Aquele do Haley Joel Osment de shortinho: Sassy Pants (2012)


O ano de espera para assistir Haley Joel Osment gay vestindo nada mais do que um shortinho jeans não valeu tanto a pena assim. Sassy Pants é um filme pós-adolescente em que Ashley Rickards (da série Awkward. que, aliás, todos que curtem comédia colegial devem assistir, é histérico) interpreta Bethany Pruitt, uma garota derrotada, na merda, sem amigos e sem vida social alguma por ter sido obrigada a frequentar uma escola online em casa depois da mãe ter sido humilhada quando uma gravação do ex-marido fazendo sexo com o professor de música da escola foi noticiada na primeira página do jornal local.

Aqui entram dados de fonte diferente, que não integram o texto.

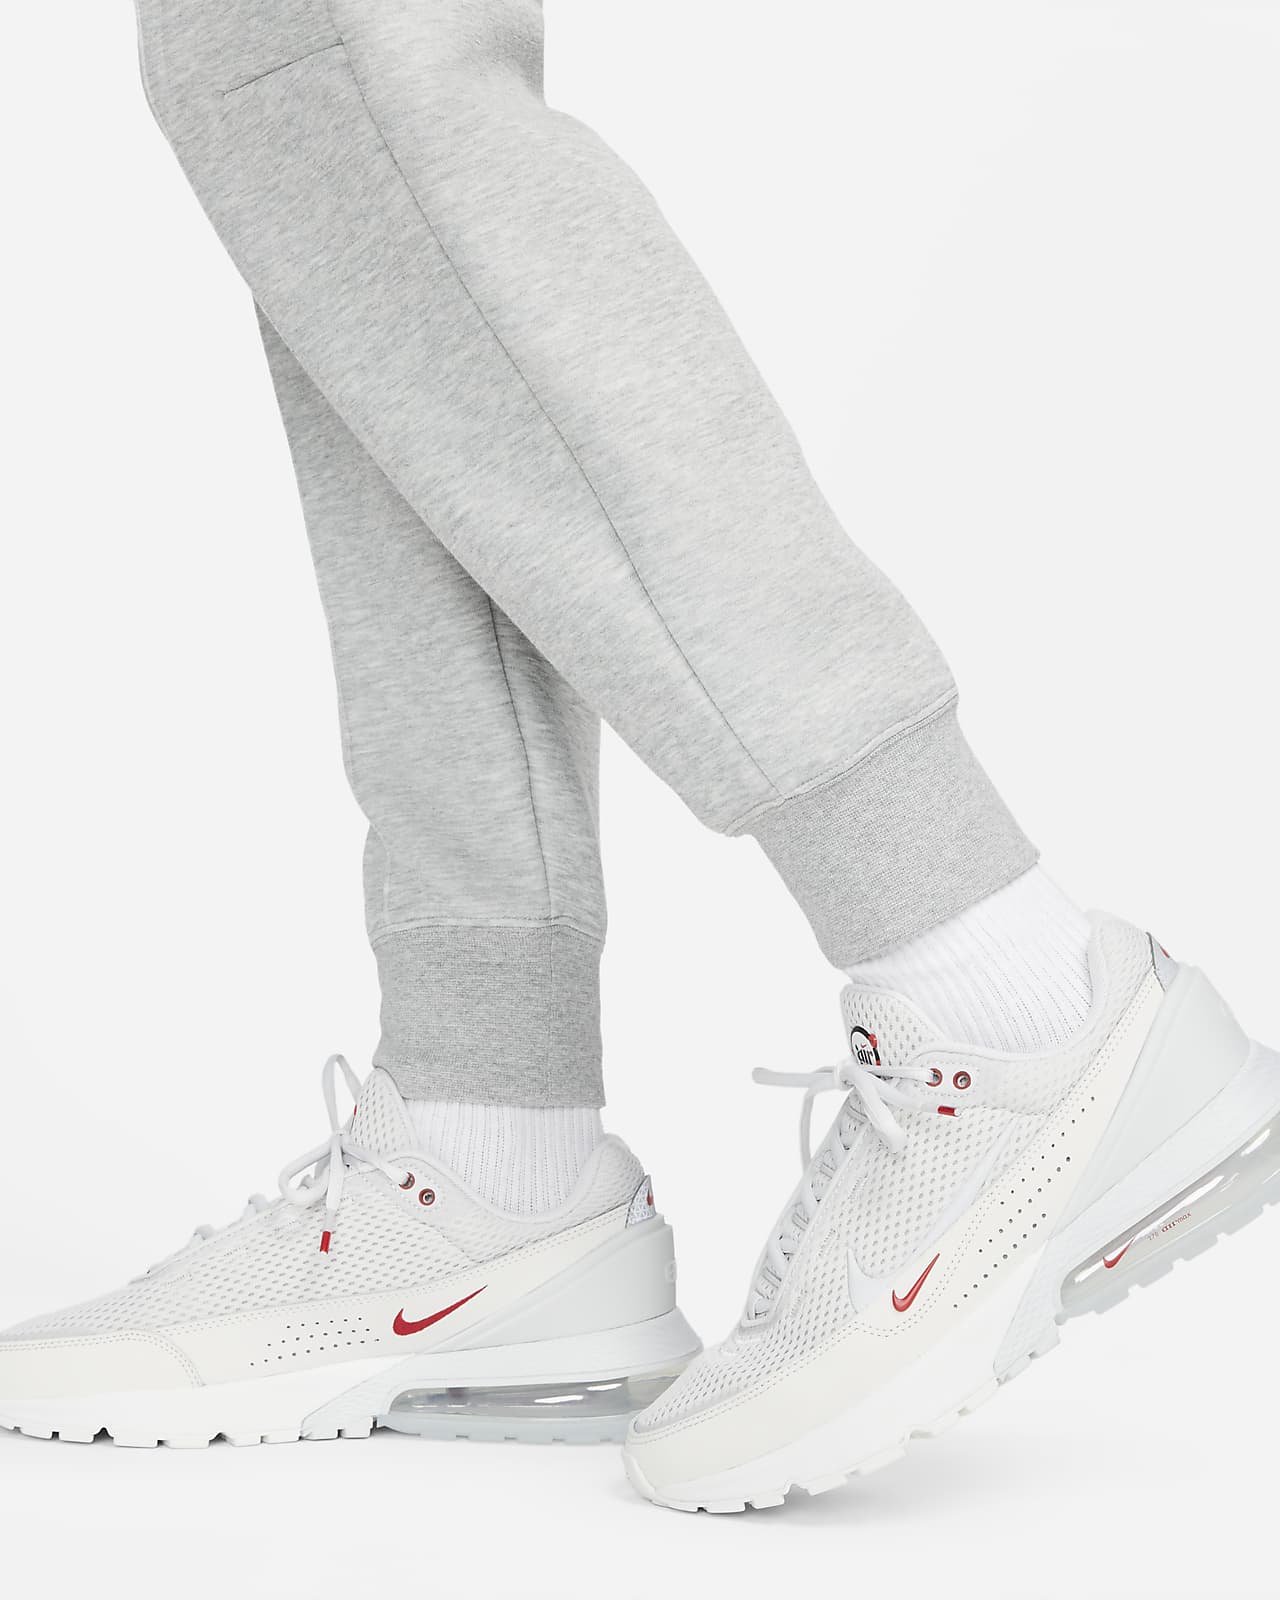 Women's jogging suit Nike Sportswear Tech Fleece - Mindarie-wa wear - Nike  - Nike air jordan v 5 low alternate 90 retro 2015 bt toddler 314340-001 sz  4c - Brands

A partir daí, Bethany começa sua jornada pra conseguir ir para a faculdade de moda e se desvincular da mãe completamente possessiva. Tem um feeling de "Hum, já vi isso em outro lugar."

Pra ser bem sincero, eu estava mais interessado no relacionamento do personagem do Haley Joel Osment com o pai da protagonista do que com a história principal em si, mas Osment não aparece muito, sua participação é quase cenográfica. Mas não foi por isso que o filme não me agradou tanto. O roteiro não tem nada de muito especial exceto algumas cenas muito bem boladas com a avó e o irmão da protagonista. As poucas cenas sobre o pai gay namorando uma bicha alternativa da idade da filha acabam, positivamente, roubando totalmente o foco.

Apesar de tantos baixos, eu recomendo dar uma olhadinha. Pra quem é fã do Osment, vê-lo fazendo a bicha passiva afeminada com certeza vale uma espiada.

10 de nov. de 2012

Aquele em que o serviço da Oi não presta

Meu namorado (o culpado) tentou me arrastar para a última parada gay de Madureira, que aconteceu nesse último final de semana, e como consequência da minha catastrófica decisão de aceitar ser arrastado eu tive o meu celular roubado por um desses mãos-leves que enfiam a mão no seu bolso sem você sentir e levam qualquer coisa que esteja enfiada dentro.

Não vou contar os detalhes da história porque uma pessoa bêbada que acabou de perder um celular que absolutamente adorava, no meio da parada gay, não é uma coisa nada bonita. Eu só vou dizer que, como qualquer outra pessoa normal, liguei para a minha operadora, no caso a Oi, pedindo para que bloqueassem meu número, de forma que eu conseguisse resgatá-lo posteriormente.

Não só a Oi erroneamente cancelou a minha conta como ficou me enrolando por UMA semana me mandando ir de loja em loja para tentar resolver um problema que, no fim, eu descobri ser impossível de resolver.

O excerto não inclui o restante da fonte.